Perhaps none among us ever wrote verses of any worth, who had not been, more or less, readers of our old ballads. All our poets have been so--and even Wordsworth would not have been the veritable and only Wordsworth, had he not in boyhood pored--oh, the miser!--over Percy's "Reliques." From the highest to the humblest, they have all drunk from those silver springs. Shepherds and herdsmen and woodsmen have been the masters of the mighty--their strains have, like the voice of a solitary lute, inspired a power of sadness into the hearts of great poets that gave their genius to be prevalent over all tears, or with a power of sublimity that gave it dominion over all terror, like the sound of a trumpet. "The Babes in the Wood!" "Chevy Chace!" Men become women while they weep--
"Or start up heroes from the glorious strain."

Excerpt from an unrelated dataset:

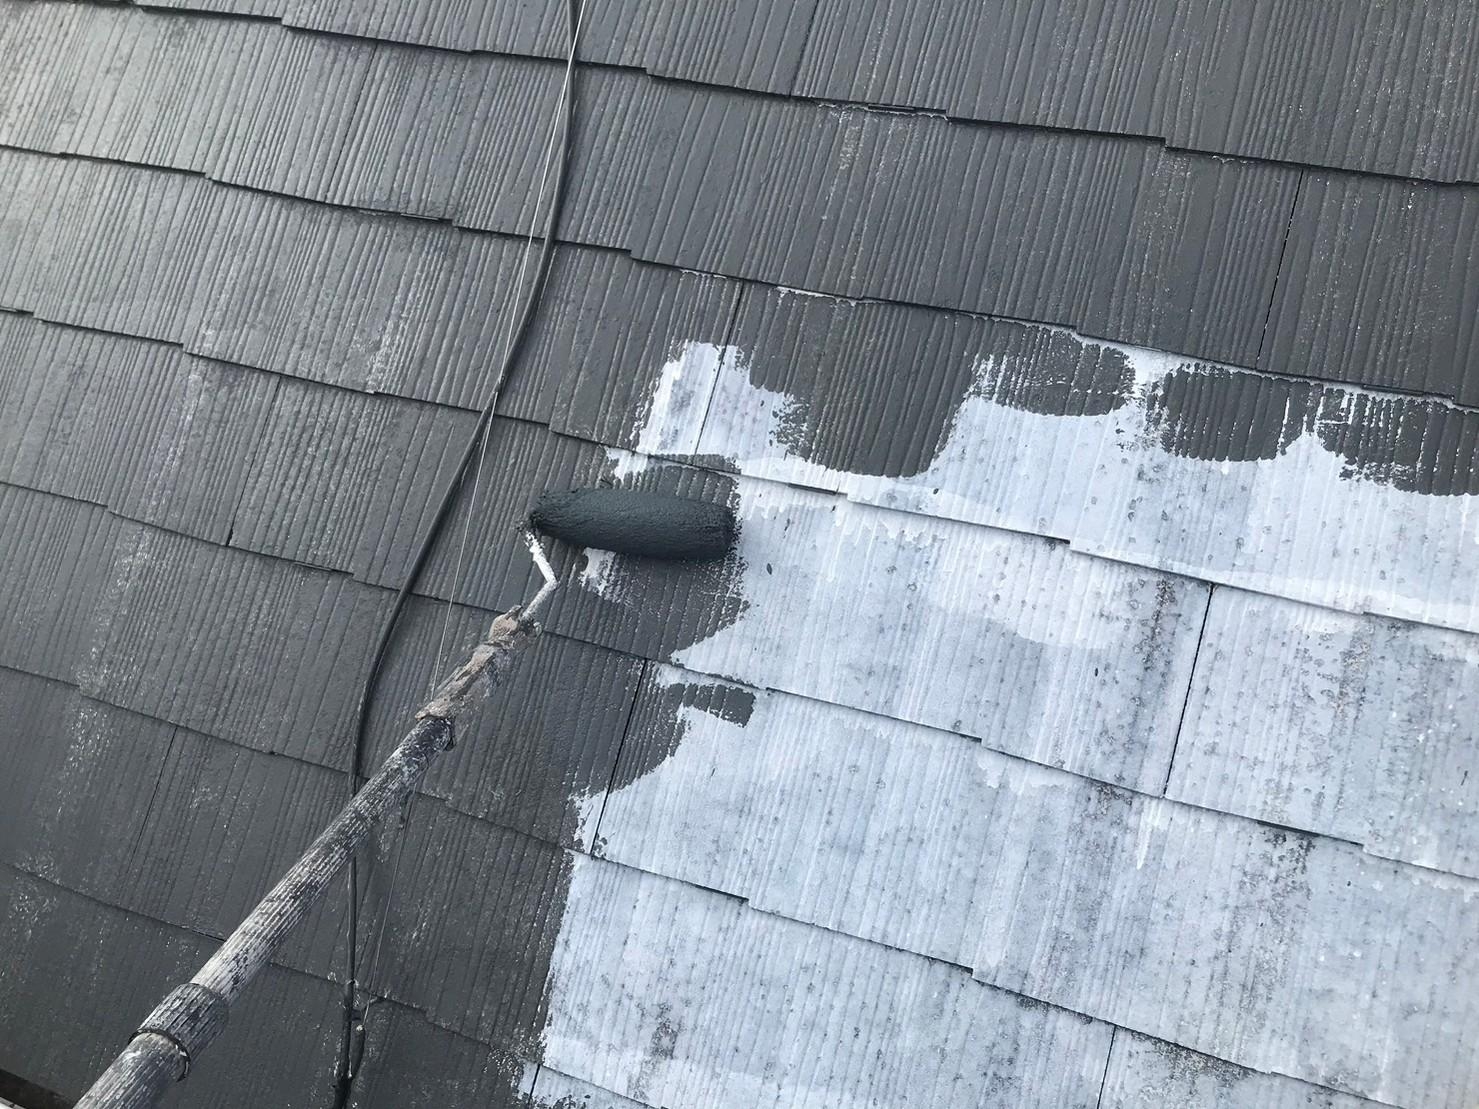 福岡県糟屋郡新宮町のK様邸で全体的に色あせてしまった屋根と外壁を弊社イチオシの塗料にて塗り替えました。8/4完成です。【ホームページより】

Sing then "The Dirge," my Margaret, to the Old Man, "so tender and so true" to the spirit of those old ballads, which we might think were written by Pity's self.
DIRGE.
"O dig a grave, and dig it deep, Where I and my true love may sleep!
We'll dig a grave, and dig it deep, Where thou and thy true love shall sleep!
And let it be five fathom low, Where winter winds may never blow!-- And it shall be five fathom low, Where winter winds shall never blow!
And let it be on yonder hill, Where grows the mountain daffodil!-- And it shall be on yonder hill, Where grows the mountain daffodil!
And plant it round with holy briers, To fright away the fairy fires!-- We'll plant it round with holy briers!
To fright away the fairy fires!
And set it round with celandine, And nodding heads of columbine!-- We'll set it round with celandine, And nodding heads of columbine!
And let the ruddock build his nest Just above my true love's breast!-- The ruddock he shall build his nest Just above thy true love's breast!